The "user-level anomaly detection system" was described today at the military communications conference known as MILCOM 2002, being held in Anaheim, Calif.
"We have developed a new paradigm, proactively encapsulating user intent where you basically generate a profile for every single user in the system where security is a major concern," said Shambhu Upadhyaya, associate professor of computer science and engineering and co-author of the paper.
In addition to the paper presentation, MILCOM invited Upadhyaya to give a half-day tutorial on the new intrusion detection system at the meeting.
Upadhyaya directs UB's Center of Excellence in Information Systems Assurance Research and Education, one of 36 in the U.S. chosen by the National Security Agency to develop new programs to conduct research and train students to protect the nation's information technology systems from cyberterrorism.
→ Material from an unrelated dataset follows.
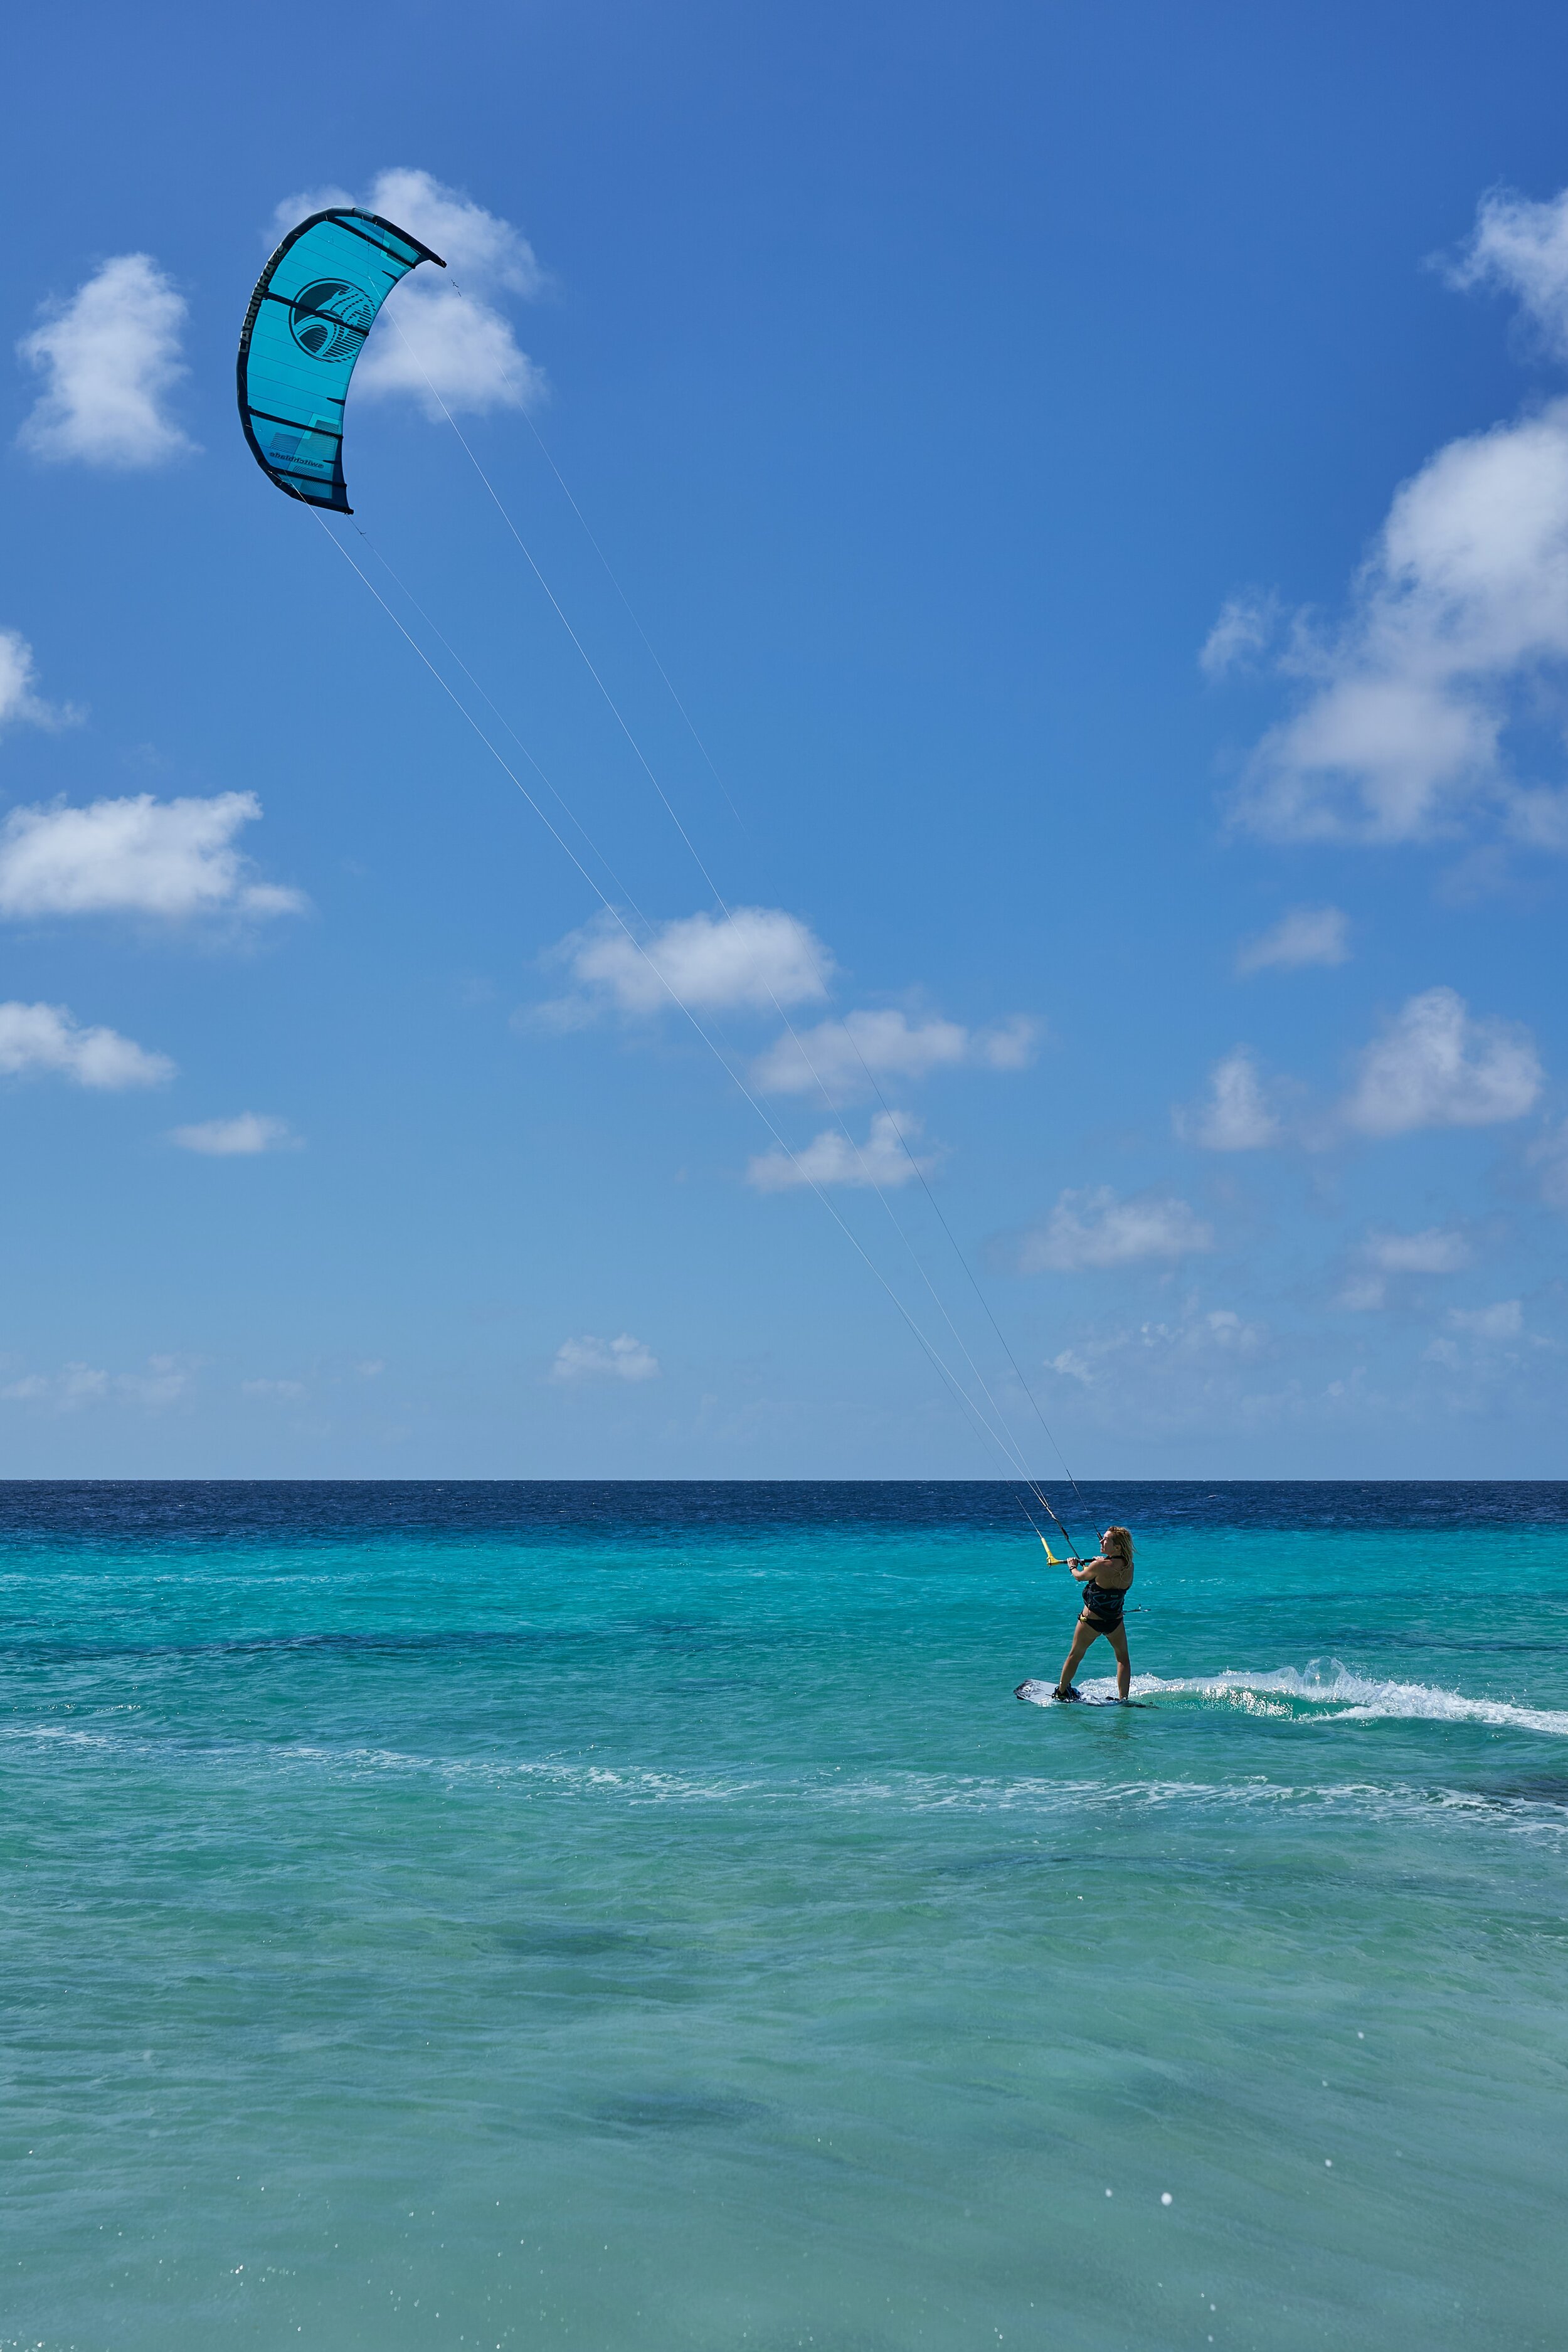 We love adventure here at 10K Dollar Day, and when near water that means water sports like kiteboarding!
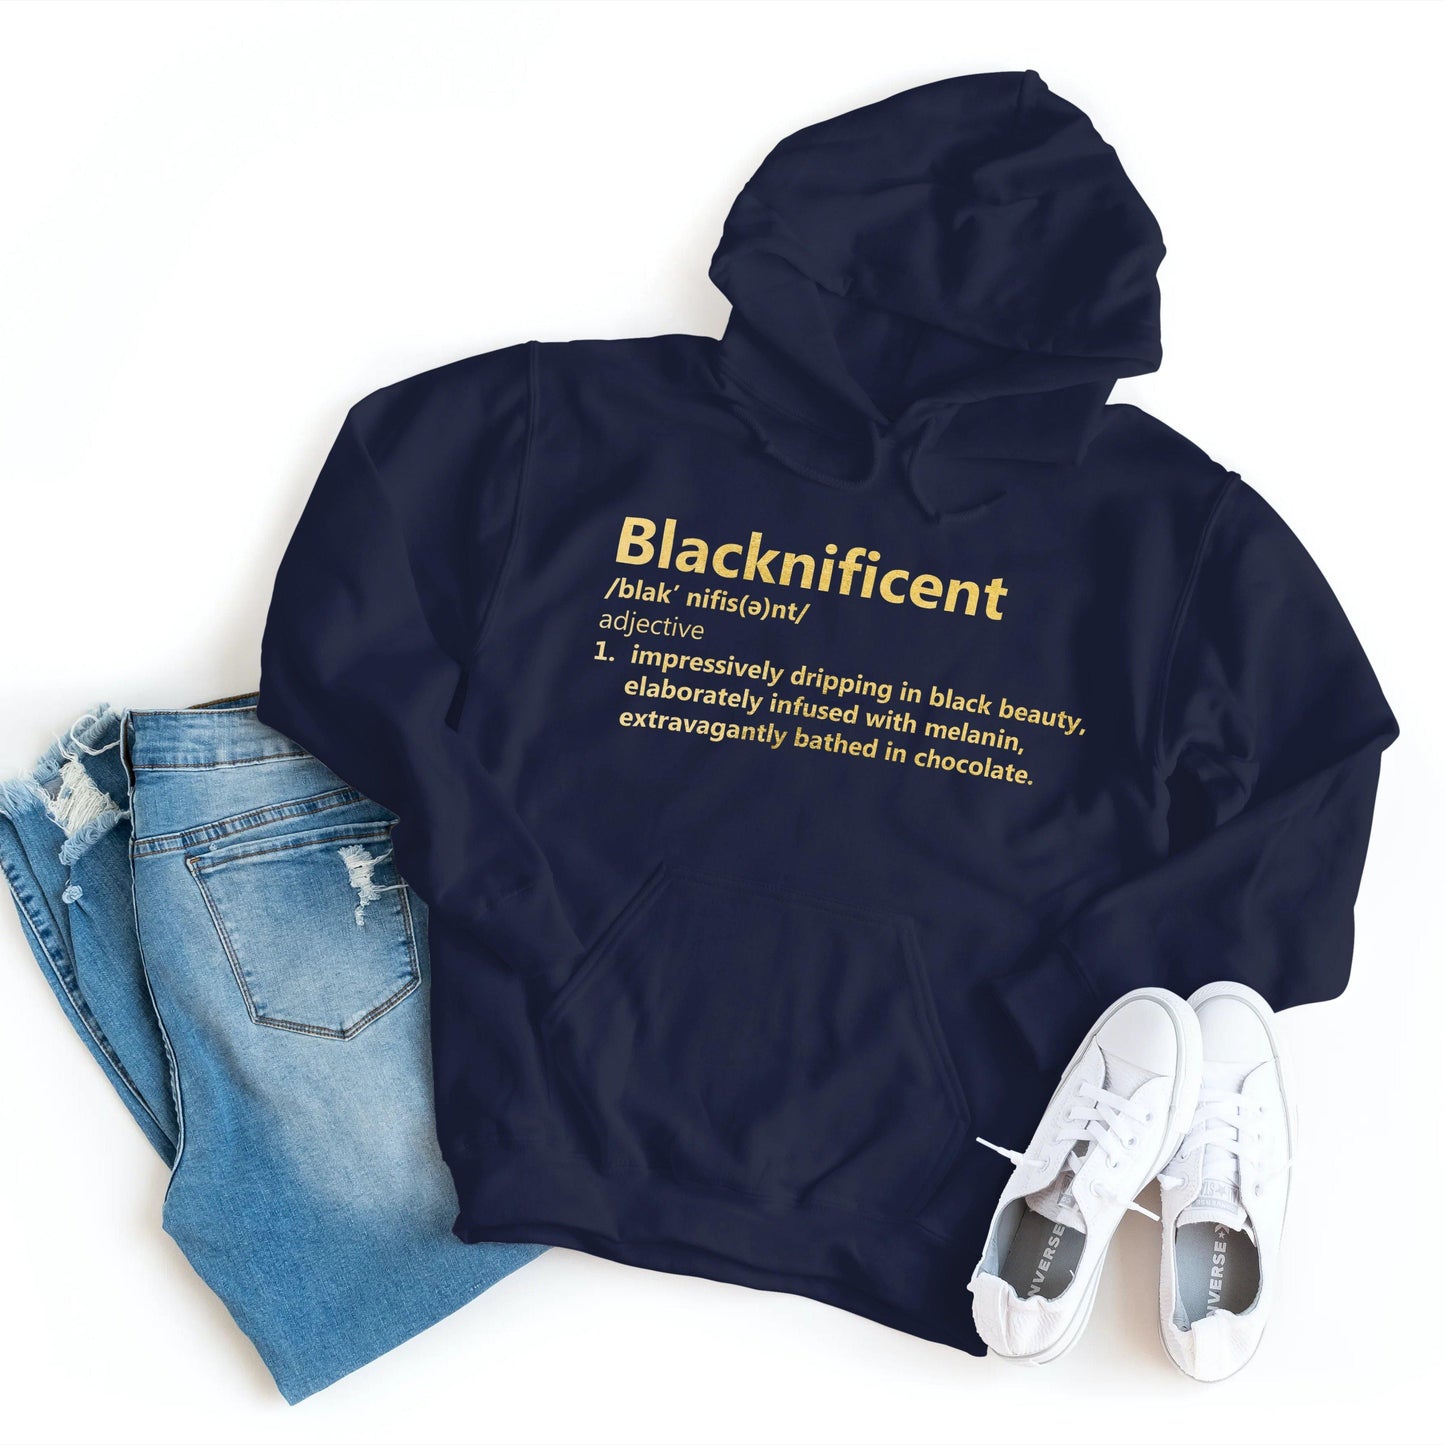 Blacknificent - Gold Foil Hoodie - Healthy Wealthy Skinny

The new UB intrusion detection system is being developed for application in highly secure facilities, such as those in the military.
"Existing approaches look at a past record of computer activity because those systems produce audits of activity for every user," he explained. "Our methodology is a marriage of two known techniques: misuse and anomaly detection. We use an assertion/rule-based approach to precisely capture the initial bracket of activity and then fine-tune this profile to reflect ongoing activity, making highly personalized and accurate profiles possible.
"Also, since users are being constantly monitored, this system can detect intrusions or attacks on-the-fly."
The UB system generates a user profile according to data about standard operations and commands that each user follows to carry out specific tasks.
The system is designed to detect significant deviations from procedures followed by normal users.
While some commercially available computer security packages already feature user-profiling, Upadhyaya noted that they are based on "low-level" methodsmeaning they seek out deviations on the basis of huge amounts of data, so they end up creating many false alarms.
"User modeling is computationally hard," said Upadhyaya. "Since many of these existing systems treat this problem purely statistically, any deviation from the norm is signaled as an anomaly, but it is often the case that an intrusion has not occurred.
"It's a nuisance because an alarm can go off every five minutes."
By contrast, the system he developed with co-authors Rankumar Chinchani, a doctoral candidate in the Department of Computer Science and Engineering, and Kevin Kwiat of the Air Force Research Laboratory in Rome, N.Y., is based on the idea that the computation habits of normal users generally are well-defined and that he or she will work within those bounds.
"The normal behavior of computer users has been very well characterized," said Upadhyaya. "Normal users stick within well-defined parameters. Intruders or hackers, on the other hand, will not be able to carry out their intended operations within such well-defined parameters, and so will make the scope of his or her activities overly permissive," said Upadhyaya. "Our system is based on detecting that kind of behavior."
The key to the UB system's success and its "scalable" feature is that its monitoring system operates at a high level, examining commands that users execute to perform certain operations. This contrasts with the low-level monitoring that many existing packages perform, which examine commands as basic as the ones and zeroes of which email messages are composed.
"Our system is looking for a sequence of operations that falls within certain normal parameters," he explained.
"For example, if you want to make a document, you do certain things in a certain order, you create the document, you use a word processing program, you may run Spellcheck. Our system knows what to look for in the normal sequence that is necessary to accomplish this job. Any deviations from that are assumed to be potential cyberattacks."
The work was funded by the Air Force Research Laboratory.